Ann Downer (1960–2015) was an American writer, principally of fantasy novels for children and young adults, as well as short fiction and poetry.

Biography 

Ann Downer was born in Arlington, Virginia in 1960 and grew up in Manila and Bangkok and recalled avidly reading fantasy fiction.

Her first published work was a trilogy published in the late 1980s and early 1990s (The Spellkey, The Glass Salamander, and The Books of the Keepers), collected in a revised edition in 1995 as The Spellkey Trilogy. A second series for middle-grade readers, begun in 2003 with the novel Hatching Magic, continues with The Dragon of Never-Was (2006). The Spellkey series is high fantasy, taking place wholly in an invented world and chronicling a good-versus-evil story of two foundlings, a stableboy and an ostracized seer. Hatching Magic and its sequel, The Dragon of Never-Was, are contemporary fantasies with elements of time travel. The series follows a young girl, Theodora Oglethorpe, as she discovers a world of wizardry and magic. While Downer's books are frequently compared to the work of Patricia A. McKillip and Diana Wynne Jones, she has cited the influence of Ursula K. Le Guin's Earthsea books and the Chronicles of Prydain by Lloyd Alexander in shaping her outlook and prose style.
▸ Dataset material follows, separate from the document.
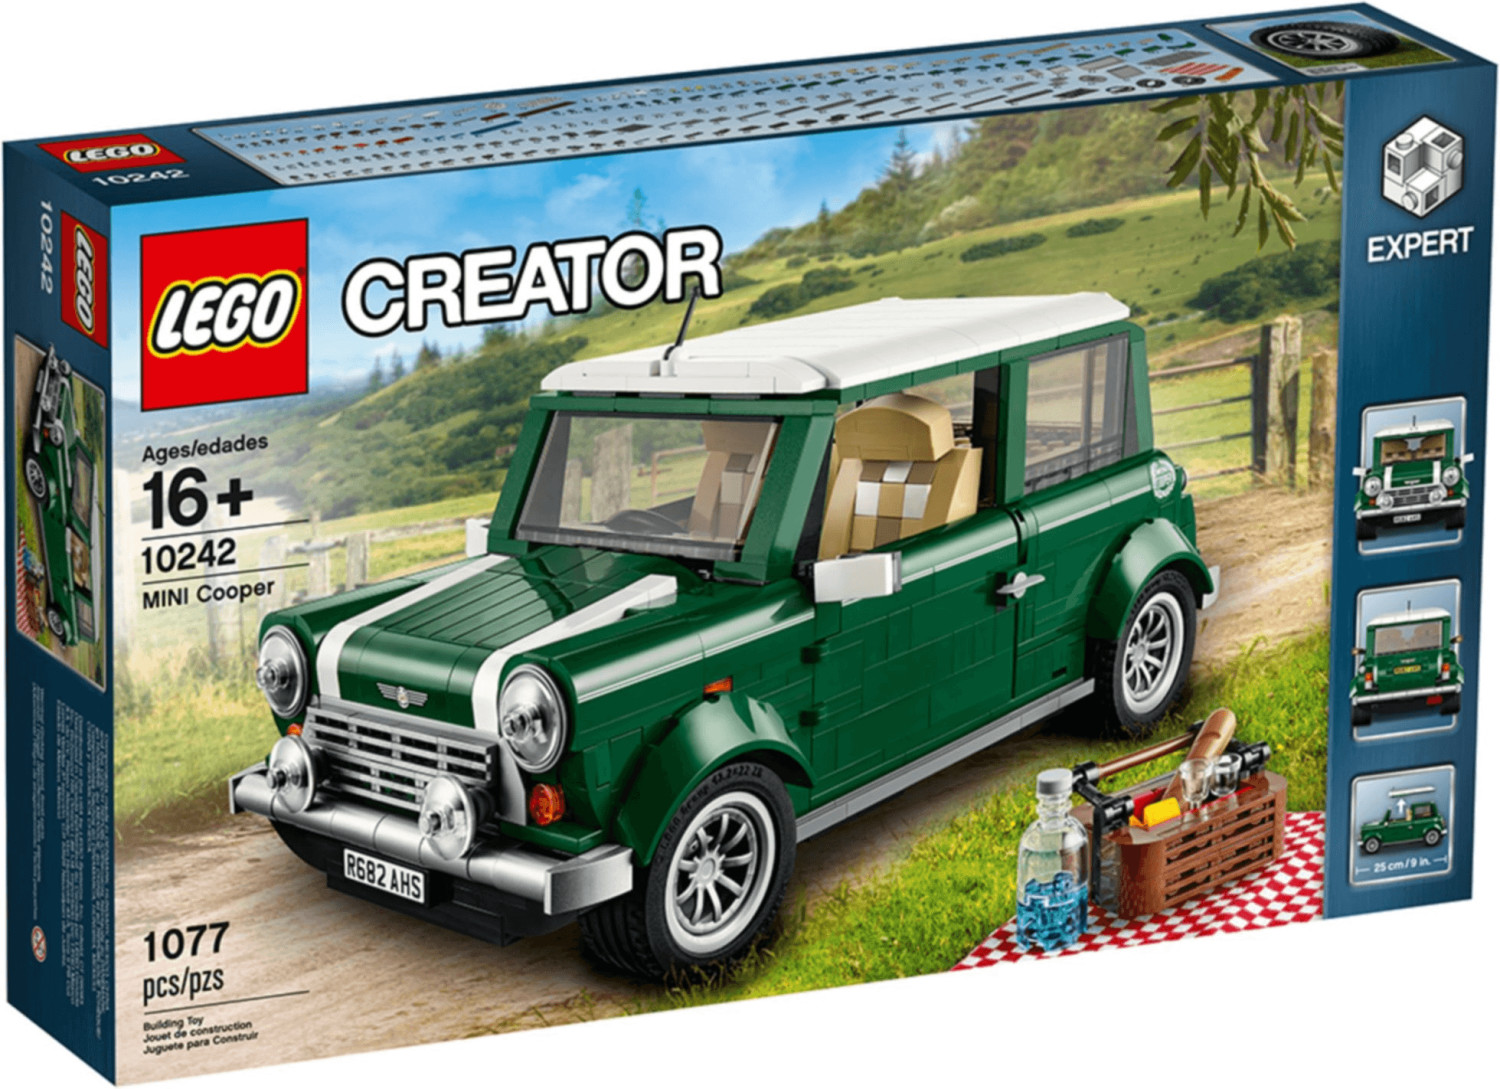 Immagine relativa a LEGO Creator - Mini Cooper 10242

She was diagnosed with ALS in 2014 and died on 19 November 2015 in Boston, MA.

Bibliography 
Spellkey series
The Spellkey (1987), jacket by Caldecott-medal winner David Wiesner, also a UK paperback edition from Futura/Macmillan.
The Glass Salamander (1989), jacket by Caldecott-medal winner David Wiesner
The Books of the Keepers (1993)

All three books were collected into a paperback omnibus edition, The Spellkey Trilogy, published by Baen Books in 1995.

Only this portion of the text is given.